In order to design an initial stable control based on the data in average off-policy Q-learning algorithom when the system is unknown, it is assumed that the command generation system in (2) provides a constrained trajectory for tracking, by assuming that the constant matrix F is stable.

Remark 4.

In this article, we consider random disturbances ${\omega }_k$ that follow a Gaussian distribution $N(0,W_{\omega })$, where the mean is $E\left({\omega }_k\right)=0$ and the variance is $D\left({\omega }_k\right))=W_{\omega }$ of ${\omega }_k$. $E\left(X_0{\omega }_k\right)=0$, the initial state $X_0$ is independent of the stochastic disturbance input sequence ${\omega }_k$.

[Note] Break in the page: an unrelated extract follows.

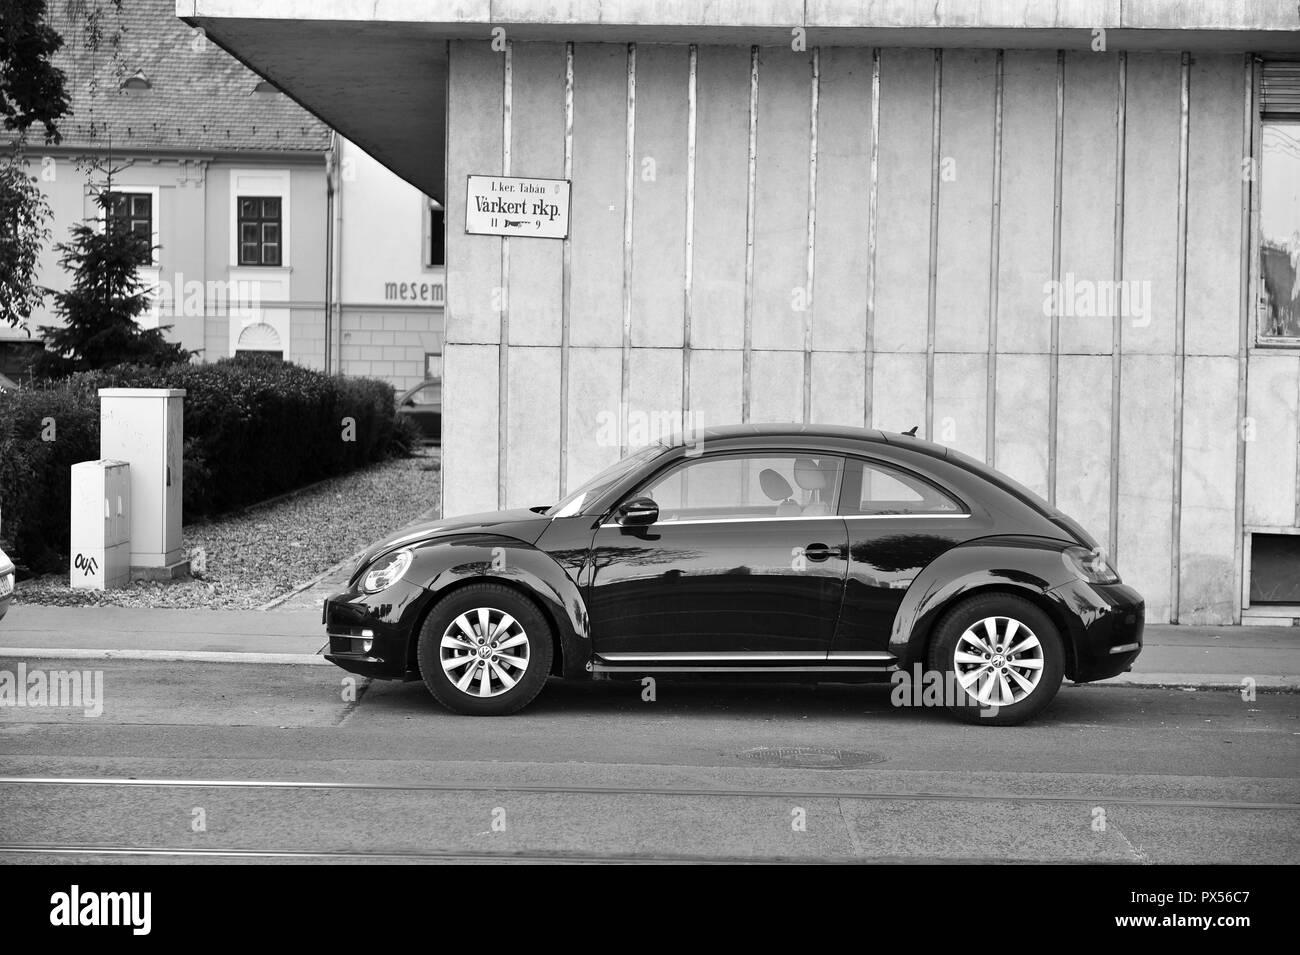 BUDAPEST, HUNGARY - 22 SEPTEMBER: VW New Beetle in the street of Budapest on September 22, 2018. Stock Photo

For simplicity, we define the augment system

$$\begin{array}{cc}\hfill X_{k+1}& =\overline{A}{X}_k+\overline{B}{u}_k+\overline{D}{\omega }_k\hfill \\ \hfill y_k& =C{x}_k\hfill \end{array}$$

(3)

where

$$X_{k+1}=\left[\begin{array}{c}{x}_{k+1}\\ r_{k+1}\end{array}\right],\overline{A}=\left[\begin{array}{cc}A& 0\\ 0& F\end{array}\right],\overline{B}=\left[\begin{array}{c}B\\ 0\end{array}\right],\overline{D}=\left[\begin{array}{c}D\\ 0\end{array}\right]$$

Problem 1.

Consider the augmented dynamical system in (3). The so-called stochastic linear quadratic tracking problem refers to designing a control policy

$$u_k=L_1{x}_k+L_2{r}_k\equiv L{X}_k$$

such that the system output $y_k$ can track the external reference signal $r_k$ and makes the following average performance index function achieve a minimum value (4).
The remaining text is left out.